Александр Кашпурин и Алексей Любимов, выступившие с сольными программами в Галерее Нико, – пианисты разных поколений и разных исполнительских стилей. Кашпурина в Москве, в отличие от родного Петербурга, знают пока лишь в узких кругах, тогда как Любимов – давно культовая фигура и признанный классик. Различий между ними гораздо больше, нежели общего, но главное, что оба – большие музыканты с неповторимым лицом. Только если сравнительно молодой Кашпурин вносит печать своей яркой личности во все, что делает, то умудренный годами Любимов склонен, скорее, к самоотрешению, растворению в исполняемой музыке. При всем том концерты их имели вполне очевидные точки соприкосновения. Прежде всего, в построении программы, представлении ее как единого целого, без пауз и аплодисментов между номерами. Еще один общий момент – имя Валентина Сильвестрова. В первом случае, правда, речь шла лишь об одной пьесе, во втором же творчеству этого композитора был посвящен весь вечер.

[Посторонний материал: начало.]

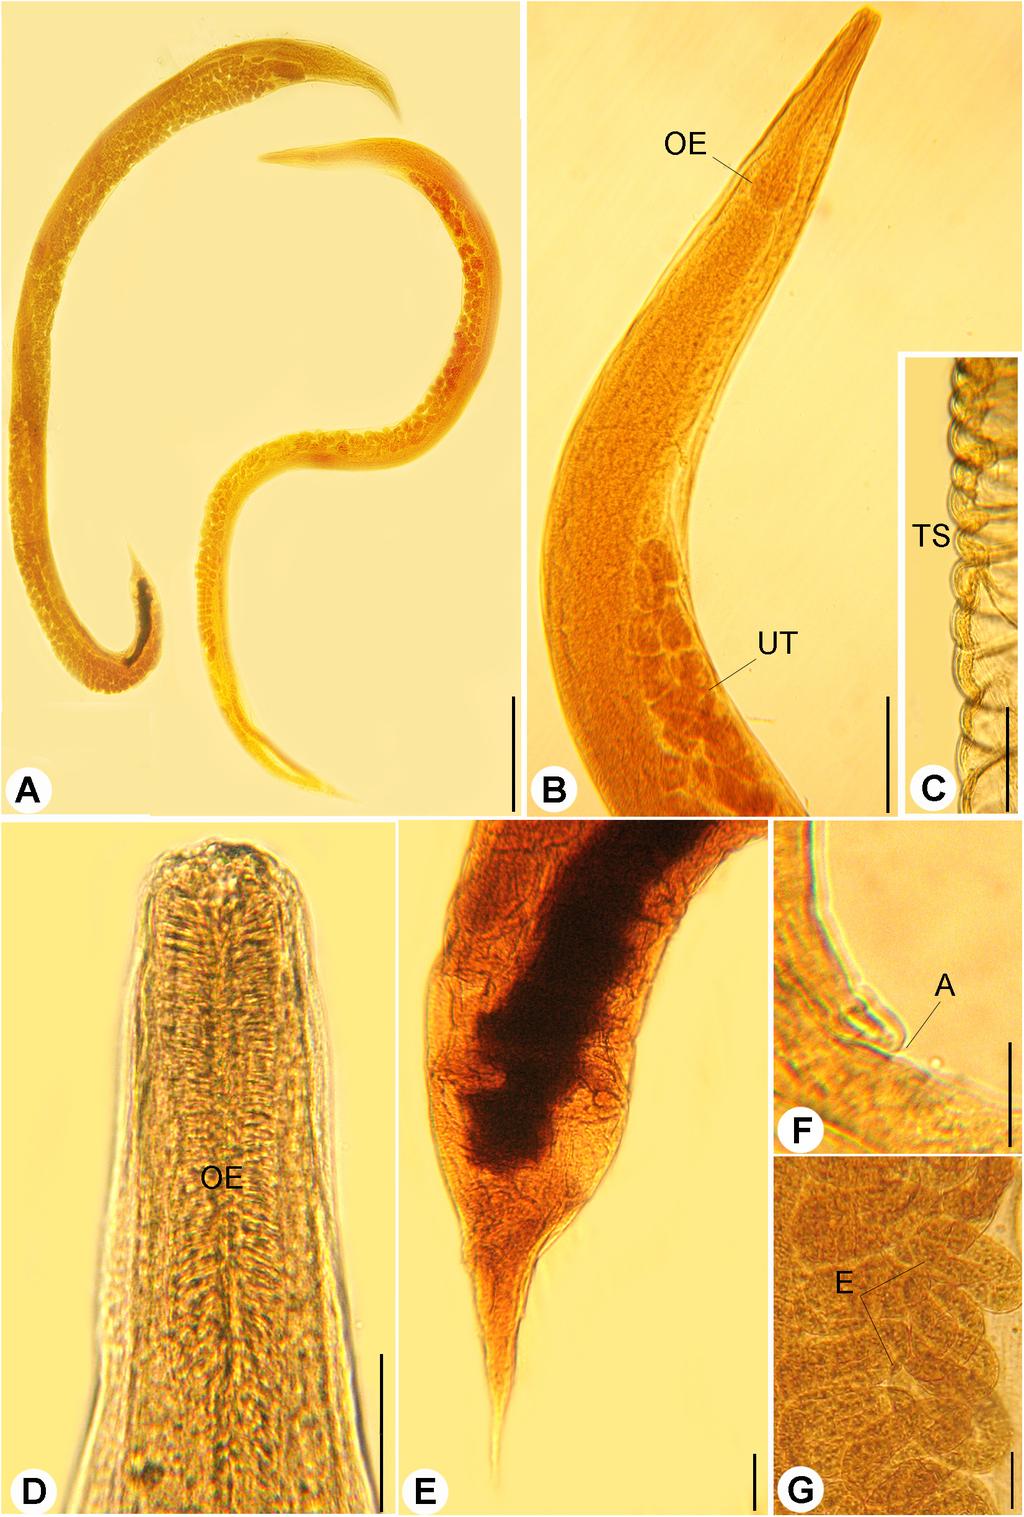 Figure 1 Light micrographs of R. bufonis. (A) Females, left and right lateral views, scale bar 0.7 mm. (B) Anterior part, lateral view; OE, esophagus; UT, uterus, scale bar 0.17 mm.

Русские тупики, забытые мотивы
Сочинений Александра Кашпурина, который ведь и сам пишет музыку, Москва пока не слышала, однако в своей новой программе, получившей концептуальное название «Лабиринты красоты», он предстал также и в качестве композитора, хотя ни одного собственного опуса в нее не включил. Точнее говоря, «Лабиринтами красоты» было поименовано второе отделение. В первом прозвучали пьеса Сильвестрова «Посланник» и «Забытые мотивы» Метнера (цикл I, op. 38). Между ними, впрочем, тоже не было полноценной паузы – только какие-то секунды на передышку.
Все первое отделение Кашпурин играл при закрытой крышке рояля: как пояснил он сам перед началом, музыка «Посланника» должна звучать приглушенно, словно бы изнутри. С первых звуков пьесы Сильвестрова слушатели вместе с пианистом перенеслись куда-то в неземные миры, поэтому разночтений относительно того, откуда прибыл сей посланник, не могло и возникнуть. Тот же характер звучания во многом распространился и на Метнера, которому также оказался вполне к лицу, став только чуть более земным и не столь эфирным, но не менее хрупким. Пианист словно бы играл не на рояле, но на струнах души – собственной и метнеровской.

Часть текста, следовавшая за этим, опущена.